One item I always remembered as being a requirement in the radio room spares was a 'Half pound bull pane hammer'!


----------



## Ron Stringer

Don't forget the contact burnisher and the smooth file.


----------



## R651400

sparks69 said:


> That explains it, but not why they all seemed to be made in the USSR ?


Hard to believe if the Oceanspan oscillator valve type EF50 had not arrived early 1941 in the UK from Philips Eindhoven by lorry in their thousands including the machinery and wherewithal to manufacture them Britain's radar development would have ceased there and then to catastrophic consequences on WW2's outcome.


----------



## Roger Bentley

*Hammer*



Moulder said:


> One item I always remembered as being a requirement in the radio room spares was a 'Half pound bull pane hammer'!

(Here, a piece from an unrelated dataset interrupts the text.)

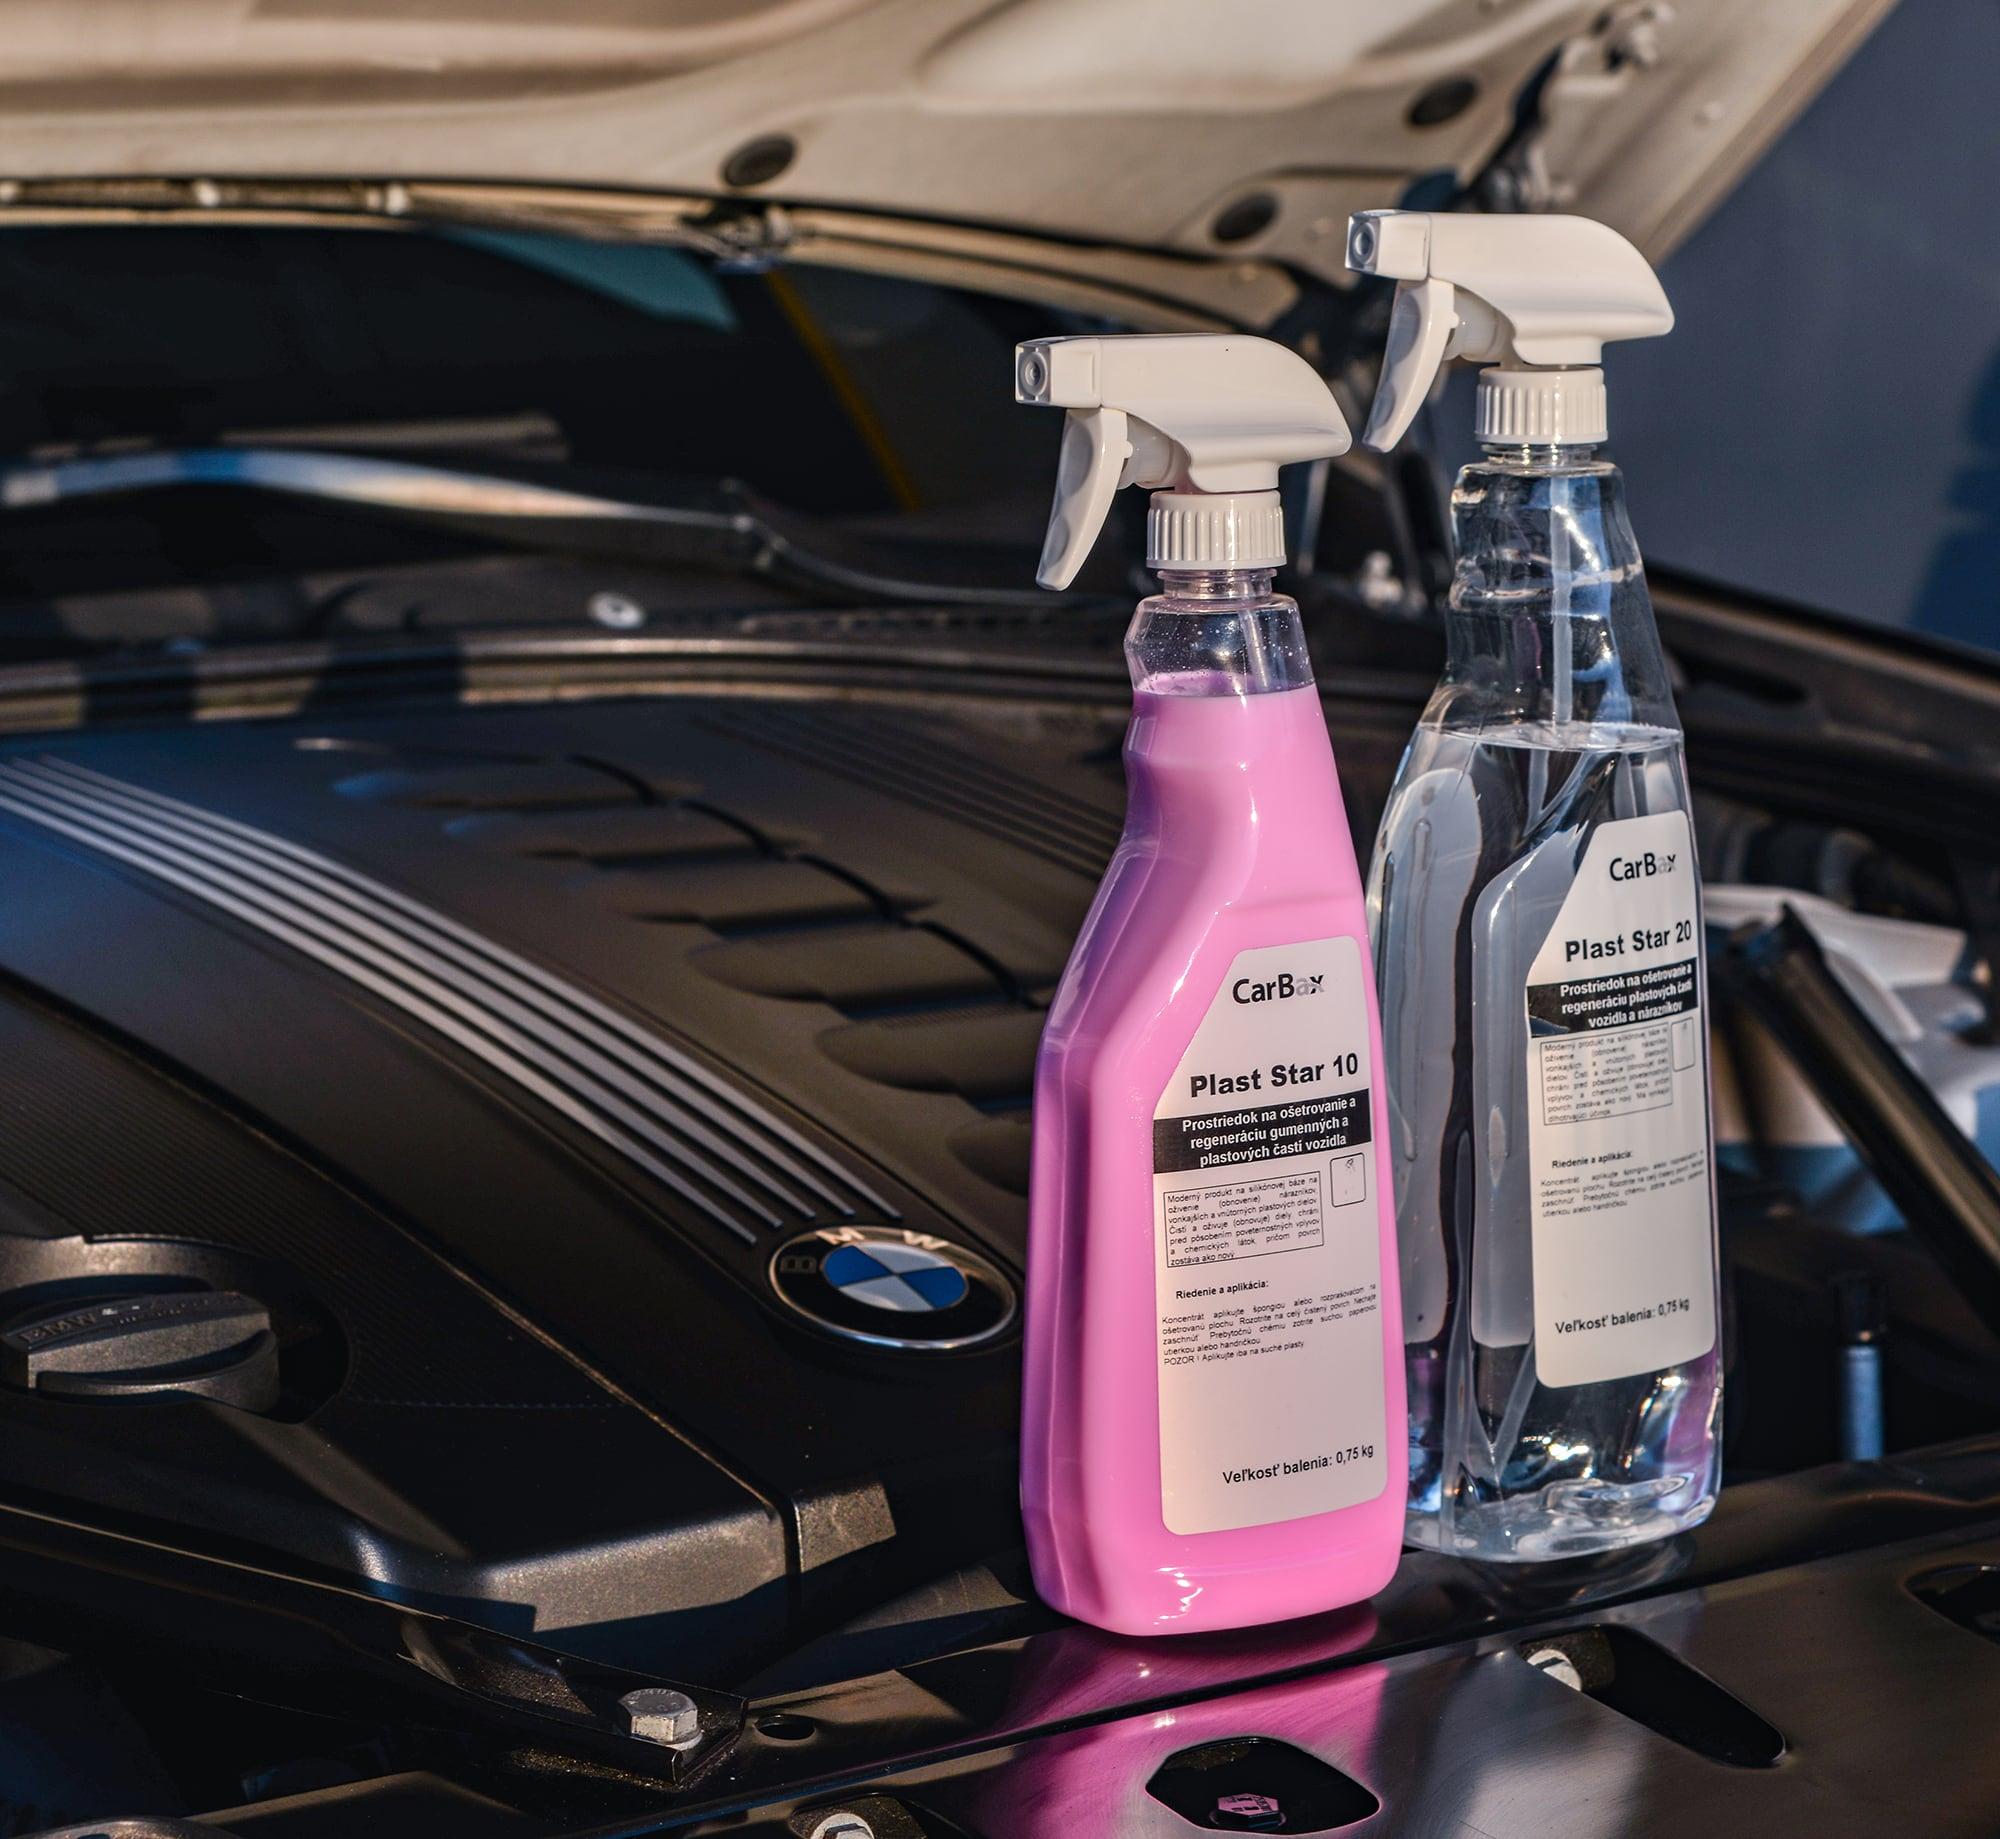 Plast star - INTERIÉR A EXTERIÉRProdukty Plast Star 20 a Plast Star 10 sú ideálne pre bežnú starostlivosť o plastové interiérové a exteriérové časti vozidiel. Plastový povrch dôkladne vyčistia a pri pravidelnom používaní im navrátia pôvodnú farbu a lesk.

Moulder, There was an old joke in Brocklebanks that this item's inclusion was credited to W H Bailey the Chief Brocklebank Radio Superintendent. He was in post from 1922, and I remember being interviewed by him when I applied to Brocklebanks in late 1951. Regards, Roger


----------



## Mad Landsman

Moulder said:


> One item I always remembered as being a requirement in the radio room spares was a 'Half pound bull pane hammer'!


Is that an eight ounce ball peen, or even ball pein? 
I know you chaps are not actual muckanical injuneers but bull pane? what is that? :sweat:


----------



## spongebob

Just the right size pene to hit the morse key with when frustrated ?


----------



## Roger Bentley

*Eh!*



Mad Landsman said:


> Is that an eight ounce ball peen, or even ball pein?
> I know you chaps are not actual muckanical injuneers but bull pane? what is that? :sweat:


Malcolm, I just assumed it was a typo - there are plenty on this site! Did not feel the need to comment on this one.
At 86 I have created a few myself no doubt, as eyesight deteriorates.
Yes it is a ball pen hammer, happy now? Cheers, Roger


----------



## Mad Landsman

Roger Bentley said:


> Malcolm, I just assumed it was a typo - there are plenty on this site! Did not feel the need to comment on this one.
> At 86 I have created a few myself no doubt, as eyesight deteriorates.
> Yes it is a ball pen hammer, happy now? Cheers, Roger


Apologies if my attempted humour failed to hit the mark. (EEK)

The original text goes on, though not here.